(originally written back in the summer)
...when I picked up Joan Didion's The Year of Magical Thinking? I know I liked the title, had vague remonitions of having read reviews that made me want to read it, had seen it praised in every publication I had seen mention it. But I also knew it is about grief and her experiences following her husband's death. This is certainly a worthy subject for a book and something to be read sometime, but why would I choose now to read it? Why was it in paperback and on sale at Borders? These days I do most of my reading on a small boat as far from anything as you can get in the middle of the Pacific, completely cut off from friends and family for weeks at a time, so books about loss and separation aren't exactly at the top of the list of things that one would prescribe for keeping my head on straight. I'm surrounded by people who don't speak English (or speak it poorly) and live inside my head like I haven't done since high school.
But perhaps there is something soothing in Ms. Didion's book. That she is an excellent writer doesn't need to be said, and that this is an excellent book has already been said (and said better) by so many others that I won't bother. The horrible truth upon reading about her loss is that it in a way reminds me that those people I feel ripped away from right now will be there when I get back. Of course that is only comforting so far as it also reminds that this won't always be true.
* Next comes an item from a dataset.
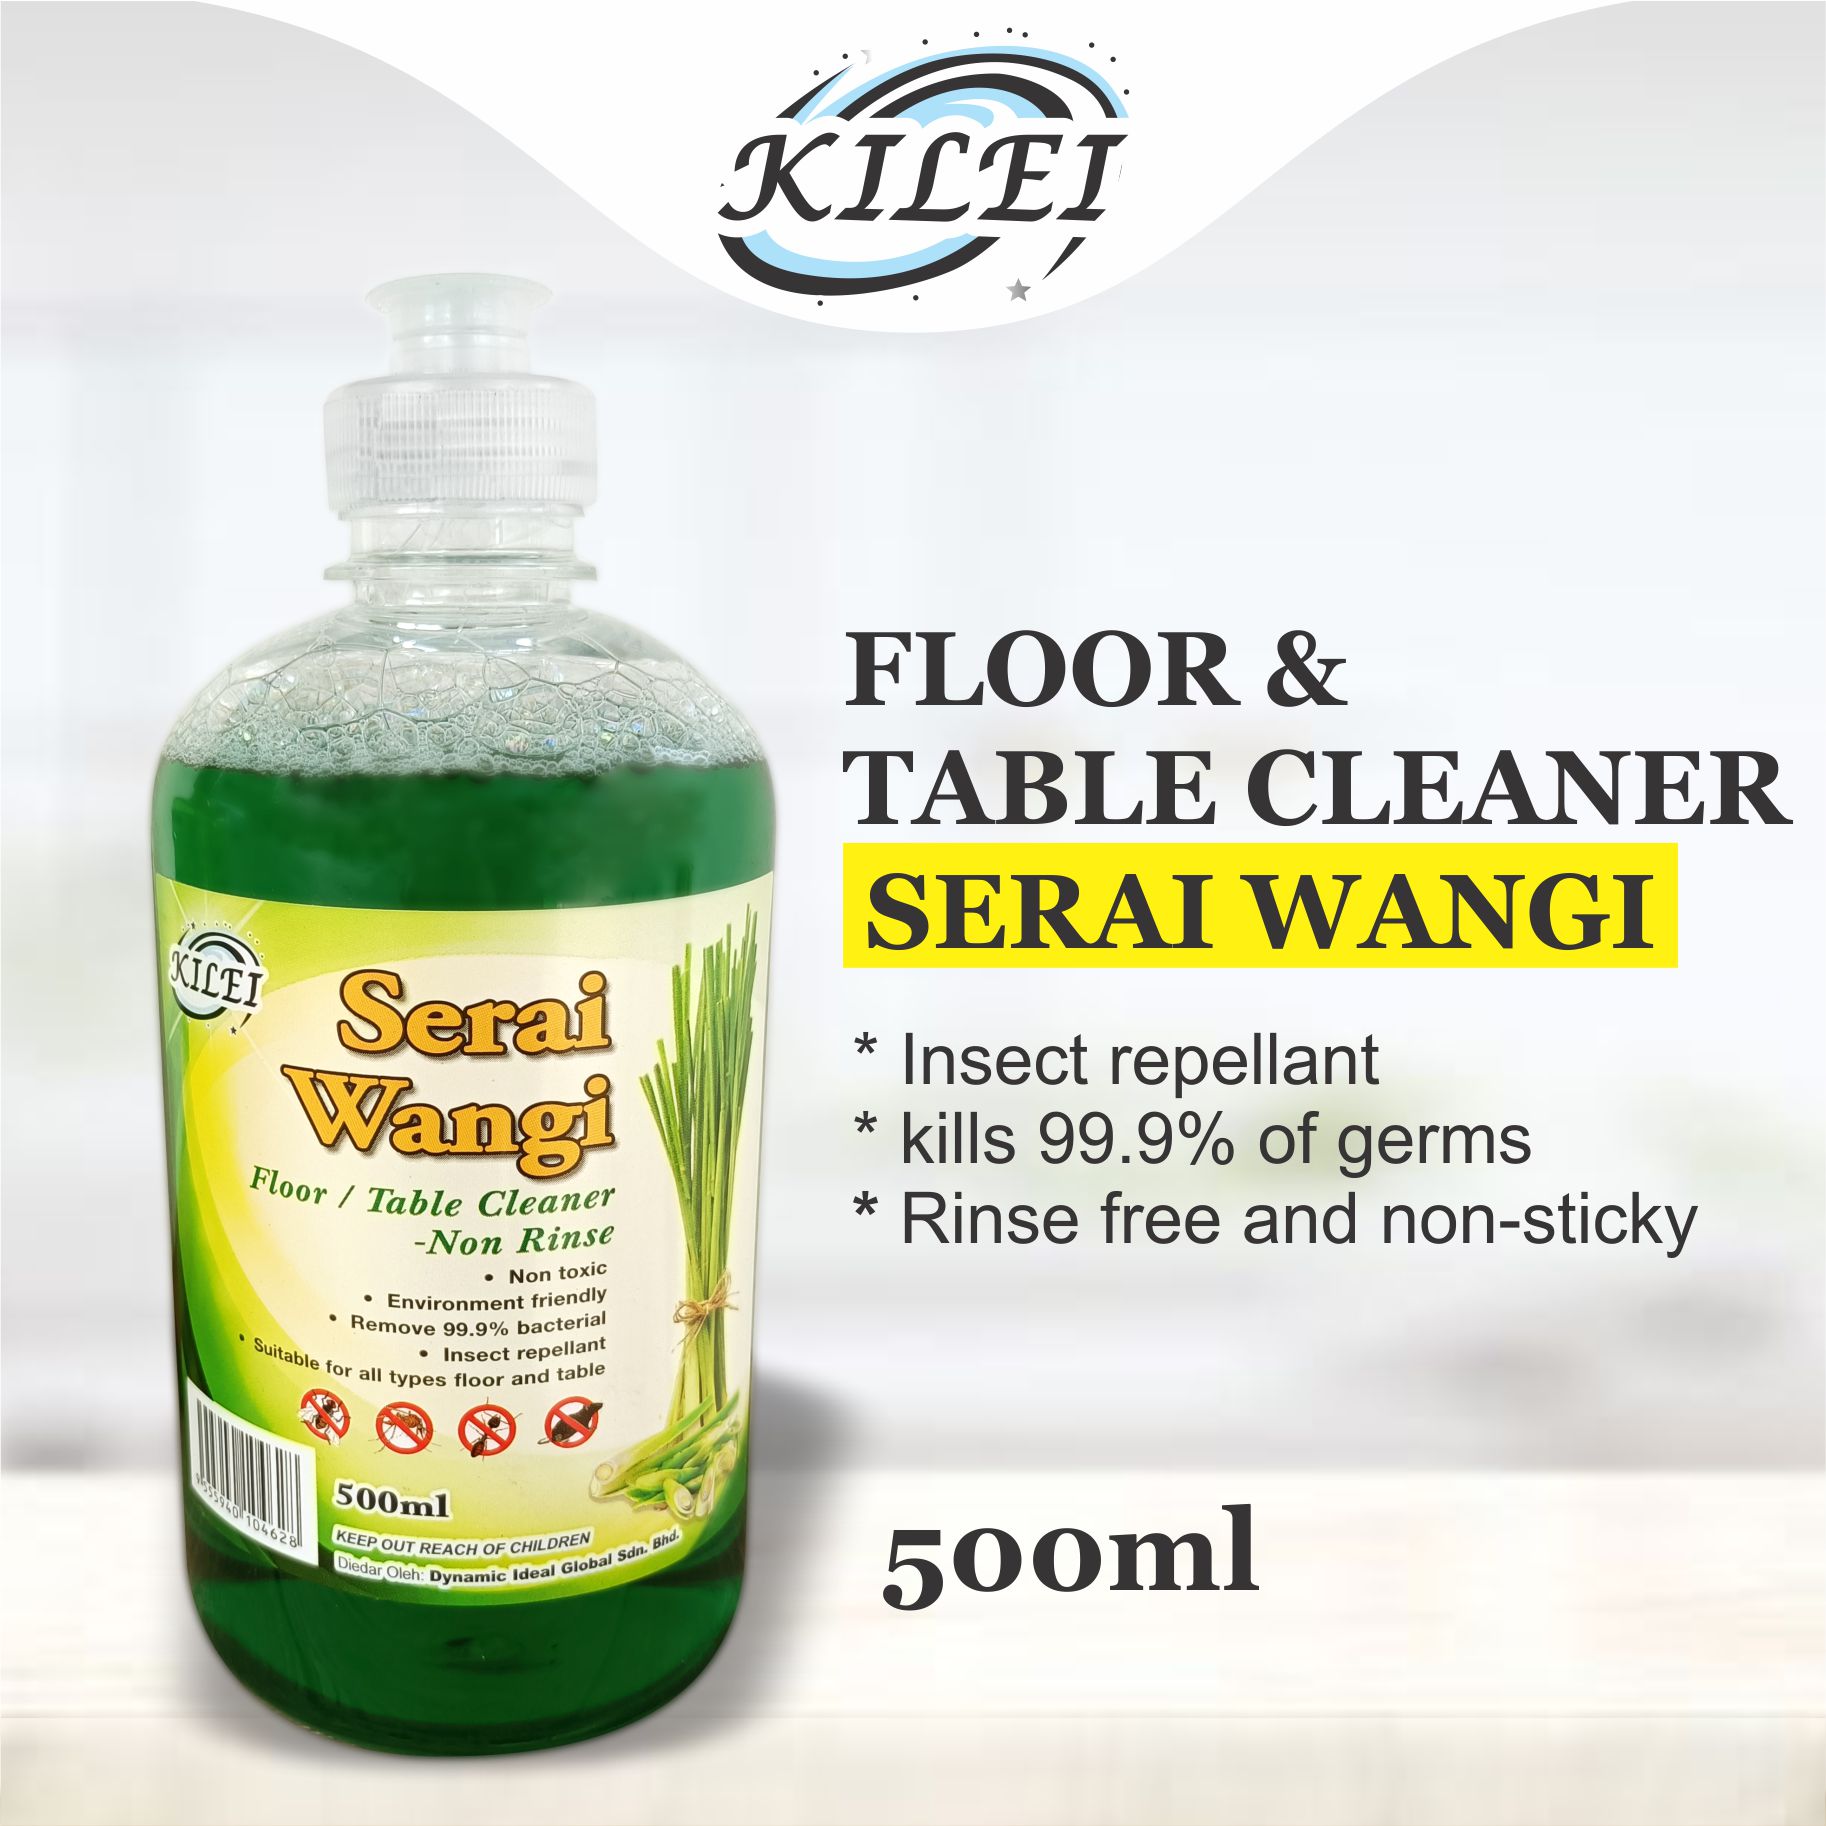 Kilei Floor & Table Cleaner- Serai Wangi [Insect Repellant]- 500ml

I'm only about 80 pages in right now, but the portrait of her and her husband and their life and their friends is compelling and challenging. In someways, the depth at which they comingle, inhabit the same space, so deeply intertwine with one another is something that I have always been both drawn to and repulsed by. The repulsion, by the way, comes from a place of being resistant to not being fully self-reliant and an aversion to attachments to things or people which I can't let go of, not from finding it repulsive. This is an aside, but the inevitable irony is that I attach to people and places and things deeply and intensely and faster than anything you have ever seen. If I'm going to go there at all, I'm already there before you blink. A head full of wanderlust and a heart full of homebody; God was laughing when he made me.
I should be reading the new Harry Potter, but wasn't able to get it before I got on the boat. And maybe in the middle of the ocean, away from a reality where people exist and live, instead in a place where we just work and look at the horizon, is exactly the place to read such an intimate book. As I actually read through the book, the fact of the loss and the time spent struggling with the grief get lost in the beauty of the life they lived together and the people who surrounded them. The last few years have been a whirlwind for me, trying to get my bearing and start moving in directions which can sustain me, and reading someone's reflections looking back on a life lived as well as anyone could set out to live one is comforting. The book isn't so spectacular because Ms. Didion shares how she handled the death, but rather because through speaking to all the details surrounding her experience with grief, her voice comes through saying, "I have lost this much."